A complete, exact retyping of the data below is required.
'''
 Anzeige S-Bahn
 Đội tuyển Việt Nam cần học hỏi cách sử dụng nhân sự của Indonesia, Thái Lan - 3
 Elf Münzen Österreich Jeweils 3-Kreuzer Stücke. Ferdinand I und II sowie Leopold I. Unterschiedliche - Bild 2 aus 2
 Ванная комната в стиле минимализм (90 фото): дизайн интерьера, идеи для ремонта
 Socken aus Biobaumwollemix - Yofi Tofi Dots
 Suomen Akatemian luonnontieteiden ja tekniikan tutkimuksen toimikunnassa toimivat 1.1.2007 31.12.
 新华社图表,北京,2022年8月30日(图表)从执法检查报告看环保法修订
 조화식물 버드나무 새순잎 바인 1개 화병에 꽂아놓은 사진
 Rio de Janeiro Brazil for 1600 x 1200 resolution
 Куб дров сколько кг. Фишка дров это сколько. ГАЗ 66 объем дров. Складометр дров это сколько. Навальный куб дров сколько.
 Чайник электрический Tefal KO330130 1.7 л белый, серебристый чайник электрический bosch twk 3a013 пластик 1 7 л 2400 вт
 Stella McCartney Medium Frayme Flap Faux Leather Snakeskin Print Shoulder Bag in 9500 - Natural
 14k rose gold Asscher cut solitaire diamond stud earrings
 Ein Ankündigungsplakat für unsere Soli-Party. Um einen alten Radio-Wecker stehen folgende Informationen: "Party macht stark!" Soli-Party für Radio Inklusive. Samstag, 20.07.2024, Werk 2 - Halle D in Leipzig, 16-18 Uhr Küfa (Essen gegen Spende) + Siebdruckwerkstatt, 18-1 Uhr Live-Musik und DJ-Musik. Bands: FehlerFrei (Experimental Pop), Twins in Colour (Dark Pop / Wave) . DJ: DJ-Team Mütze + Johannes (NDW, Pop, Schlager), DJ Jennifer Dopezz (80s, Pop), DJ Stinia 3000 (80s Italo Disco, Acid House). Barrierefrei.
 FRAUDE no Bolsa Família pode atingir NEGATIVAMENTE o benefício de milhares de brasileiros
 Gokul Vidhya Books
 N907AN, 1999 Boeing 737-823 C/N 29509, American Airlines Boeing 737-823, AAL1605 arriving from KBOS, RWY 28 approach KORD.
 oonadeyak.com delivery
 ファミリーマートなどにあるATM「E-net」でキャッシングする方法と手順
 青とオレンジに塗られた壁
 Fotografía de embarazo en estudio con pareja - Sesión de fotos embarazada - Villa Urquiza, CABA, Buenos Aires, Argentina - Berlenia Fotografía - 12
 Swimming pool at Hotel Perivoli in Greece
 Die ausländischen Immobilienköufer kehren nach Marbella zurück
'''
Exercise result:
 Anzeige S-Bahn
 Đội tuyển Việt Nam cần học hỏi cách sử dụng nhân sự của Indonesia, Thái Lan - 3
 Elf Münzen Österreich Jeweils 3-Kreuzer Stücke. Ferdinand I und II sowie Leopold I. Unterschiedliche - Bild 2 aus 2
 Ванная комната в стиле минимализм (90 фото): дизайн интерьера, идеи для ремонта
 Socken aus Biobaumwollemix - Yofi Tofi Dots
 Suomen Akatemian luonnontieteiden ja tekniikan tutkimuksen toimikunnassa toimivat 1.1.2007 31.12.
 新华社图表,北京,2022年8月30日(图表)从执法检查报告看环保法修订
 조화식물 버드나무 새순잎 바인 1개 화병에 꽂아놓은 사진
 Rio de Janeiro Brazil for 1600 x 1200 resolution
 Куб дров сколько кг. Фишка дров это сколько. ГАЗ 66 объем дров. Складометр дров это сколько. Навальный куб дров сколько.
 Чайник электрический Tefal KO330130 1.7 л белый, серебристый чайник электрический bosch twk 3a013 пластик 1 7 л 2400 вт
 Stella McCartney Medium Frayme Flap Faux Leather Snakeskin Print Shoulder Bag in 9500 - Natural
 14k rose gold Asscher cut solitaire diamond stud earrings
 Ein Ankündigungsplakat für unsere Soli-Party. Um einen alten Radio-Wecker stehen folgende Informationen: "Party macht stark!" Soli-Party für Radio Inklusive. Samstag, 20.07.2024, Werk 2 - Halle D in Leipzig, 16-18 Uhr Küfa (Essen gegen Spende) + Siebdruckwerkstatt, 18-1 Uhr Live-Musik und DJ-Musik. Bands: FehlerFrei (Experimental Pop), Twins in Colour (Dark Pop / Wave) . DJ: DJ-Team Mütze + Johannes (NDW, Pop, Schlager), DJ Jennifer Dopezz (80s, Pop), DJ Stinia 3000 (80s Italo Disco, Acid House). Barrierefrei.
 FRAUDE no Bolsa Família pode atingir NEGATIVAMENTE o benefício de milhares de brasileiros
 Gokul Vidhya Books
 N907AN, 1999 Boeing 737-823 C/N 29509, American Airlines Boeing 737-823, AAL1605 arriving from KBOS, RWY 28 approach KORD.
 oonadeyak.com delivery
 ファミリーマートなどにあるATM「E-net」でキャッシングする方法と手順
 青とオレンジに塗られた壁
 Fotografía de embarazo en estudio con pareja - Sesión de fotos embarazada - Villa Urquiza, CABA, Buenos Aires, Argentina - Berlenia Fotografía - 12
 Swimming pool at Hotel Perivoli in Greece
 Die ausländischen Immobilienköufer kehren nach Marbella zurück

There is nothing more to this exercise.